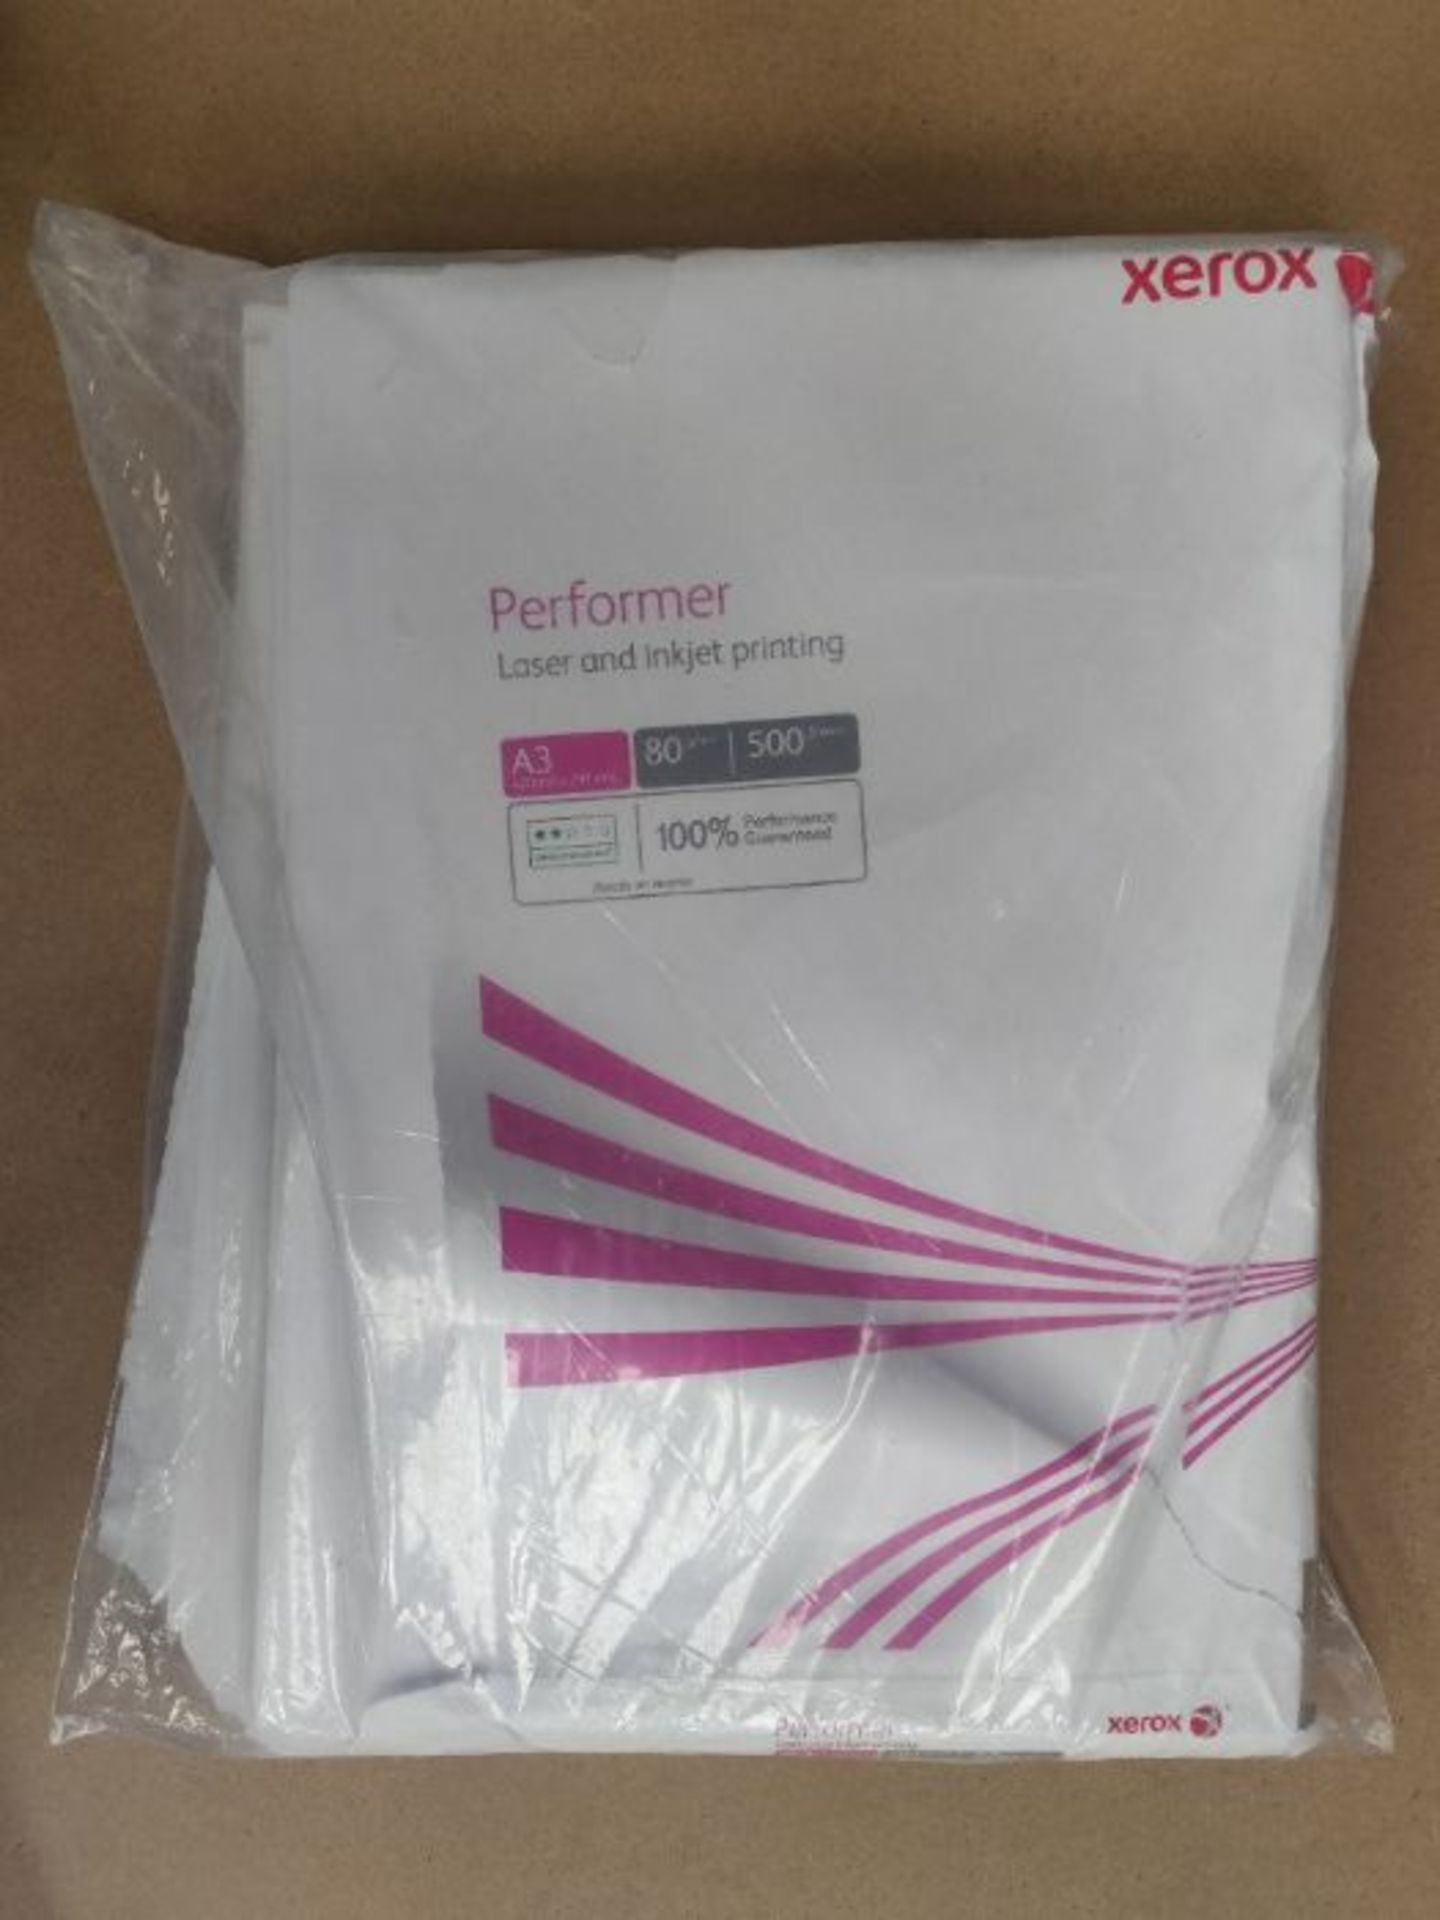 Xerox Performer Multifunctional Paper 80gsm 500 Sheets per Ream A3 White - Ref 003R905 - Image 2 of 2
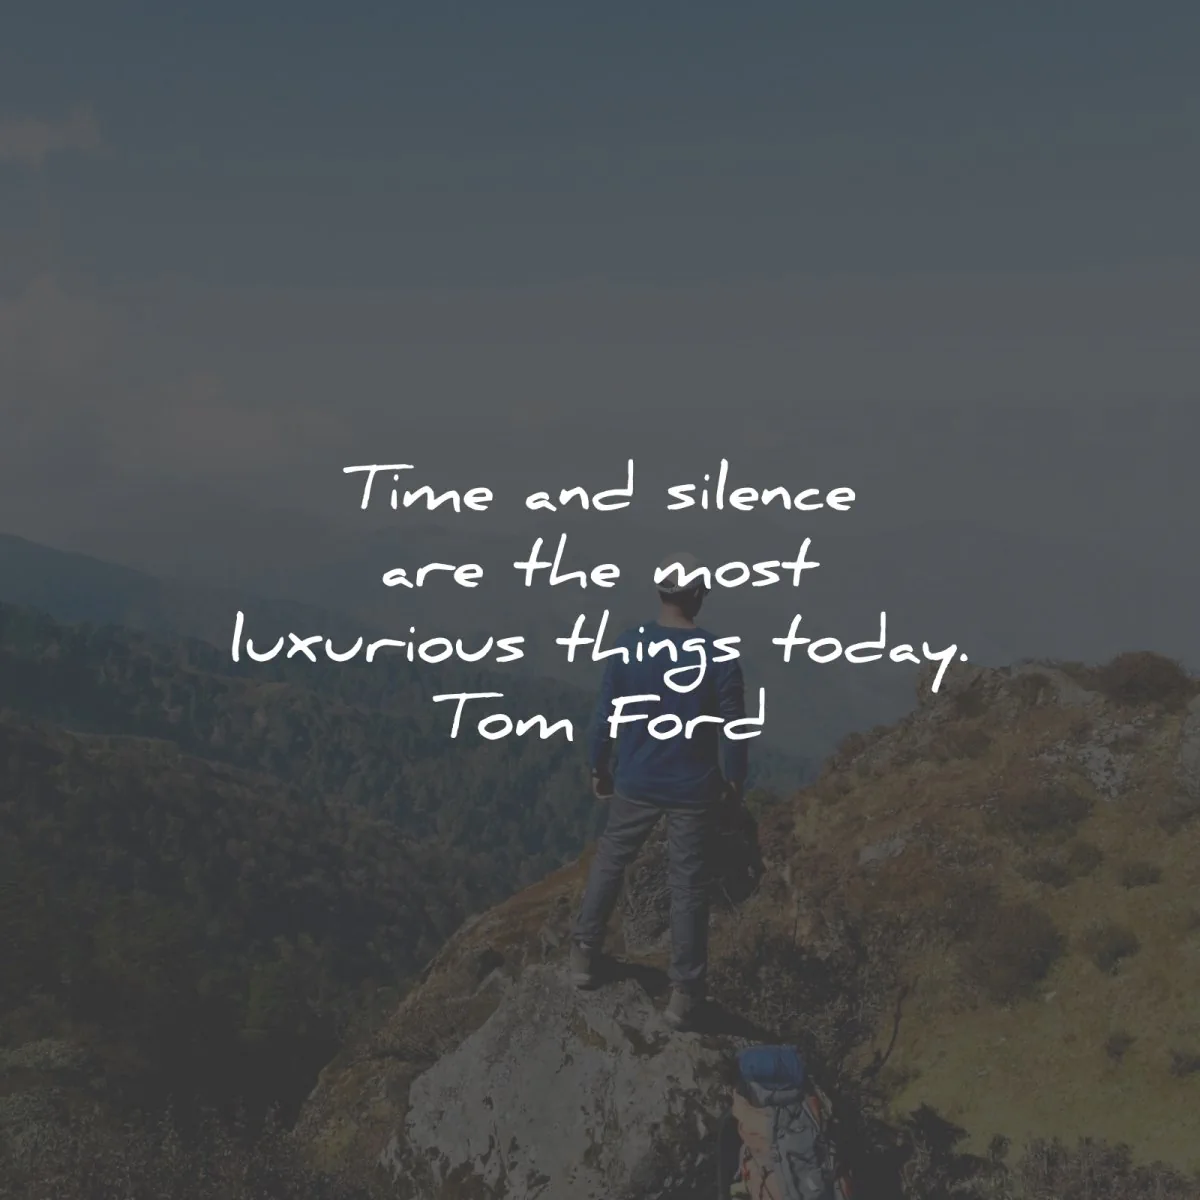 silence quotes time most luxurious tom ford wisdom
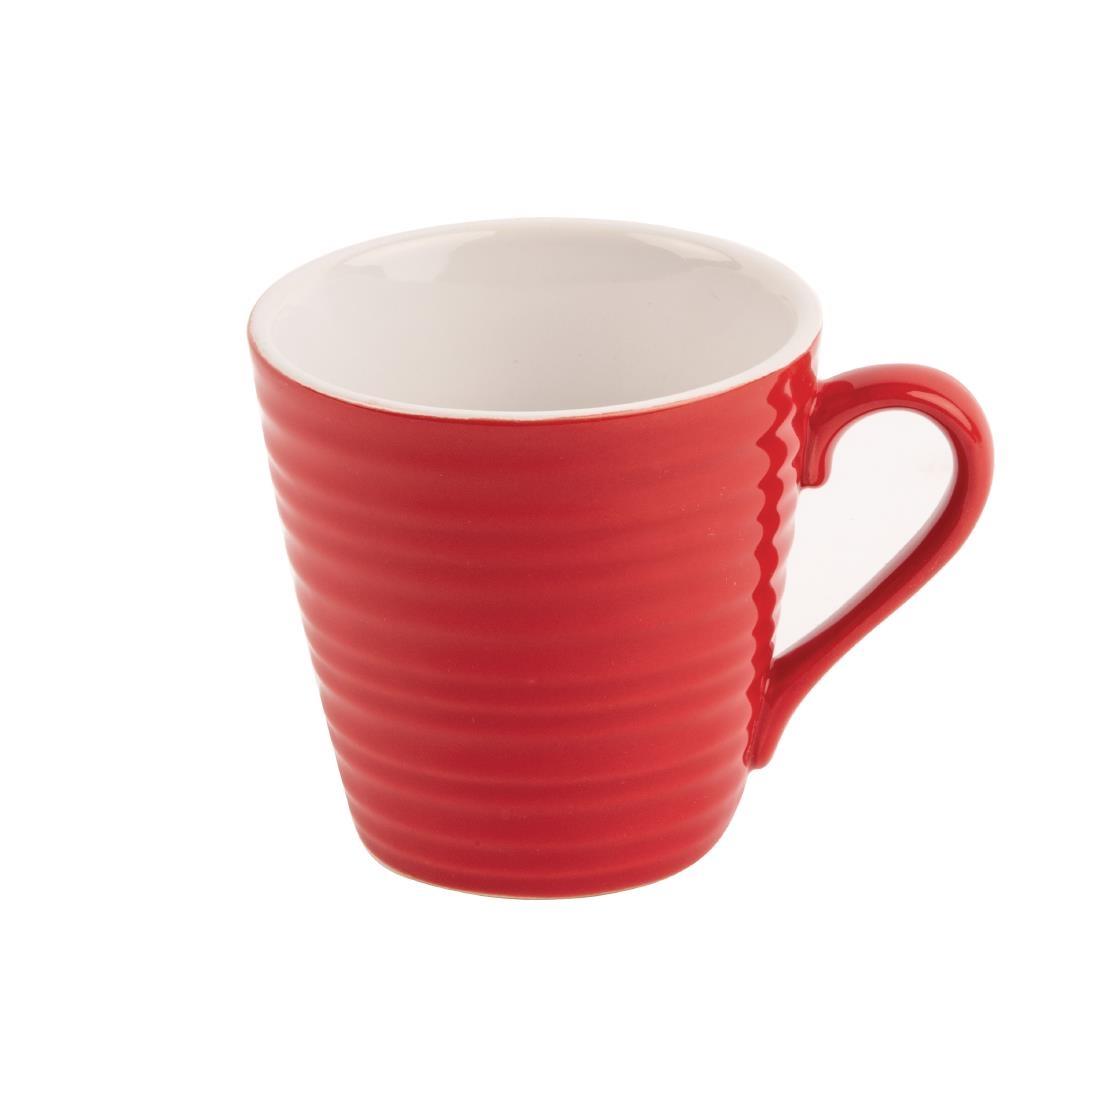 Olympia Café Aroma Mugs Red 340ml (Pack of 6) - DH632  - 1
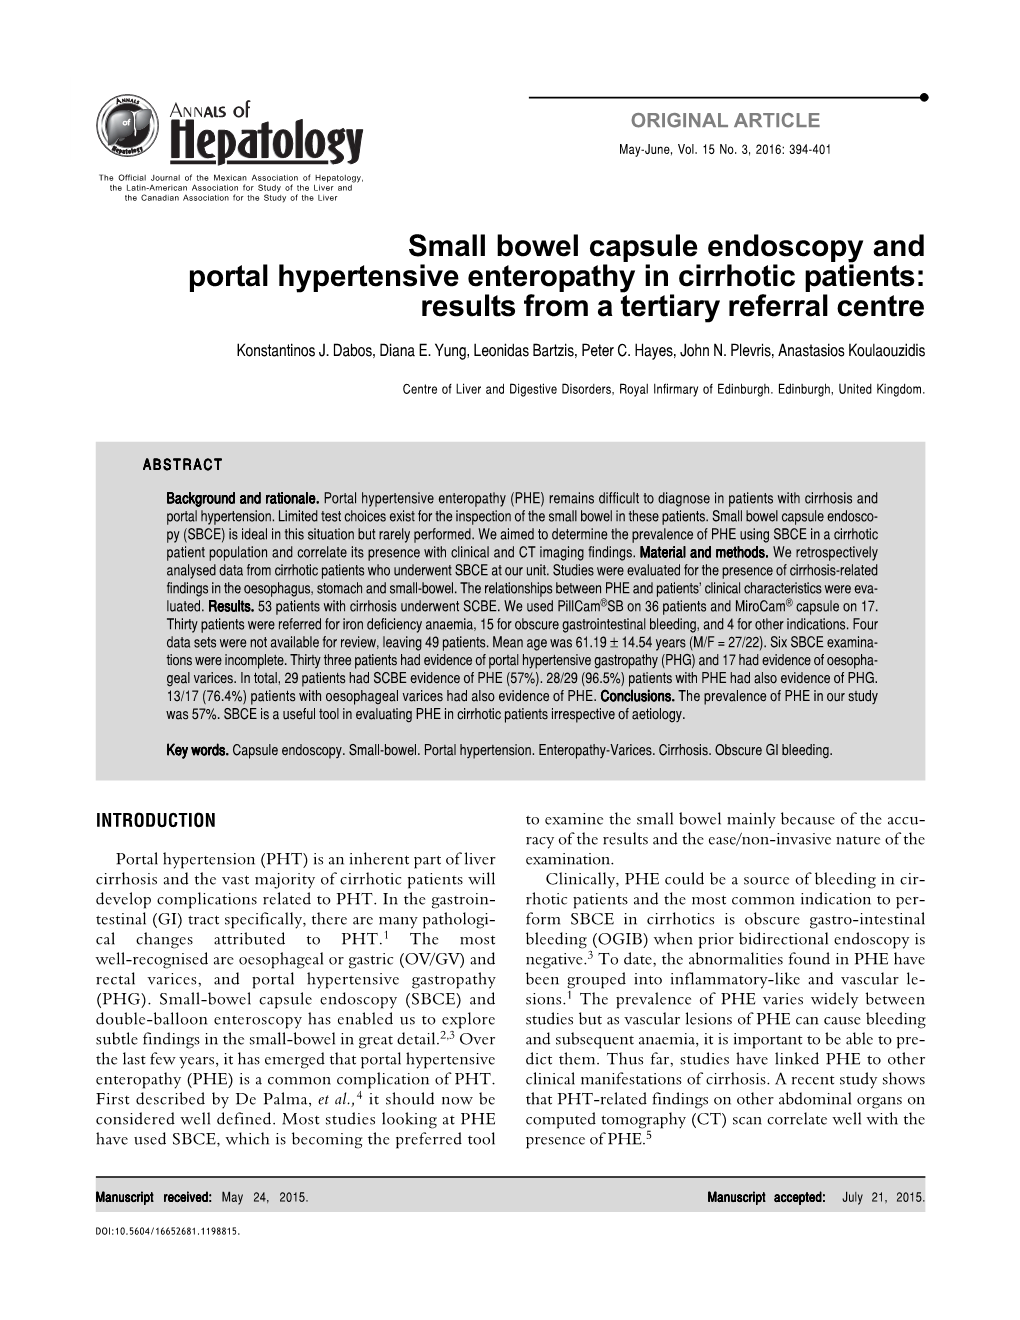 Small Bowel Capsule Endoscopy and Portal Hypertensive Enteropathy in Cirrhotic Patients: Results from a Tertiary Referral Centre

> [Task requirements] This task calls for an exact copy of the data above, without pictures.

> [Task output]
 Xerox Performer Multifunctional Paper 80gsm 500 Sheets per Ream A3 White - Ref 003R905 - Image 2 of 2
 silence quotes time most luxurious tom ford wisdom
 Olympia Café Aroma Mugs Red 340ml (Pack of 6) - DH632  - 1
 Small Bowel Capsule Endoscopy and Portal Hypertensive Enteropathy in Cirrhotic Patients: Results from a Tertiary Referral Centre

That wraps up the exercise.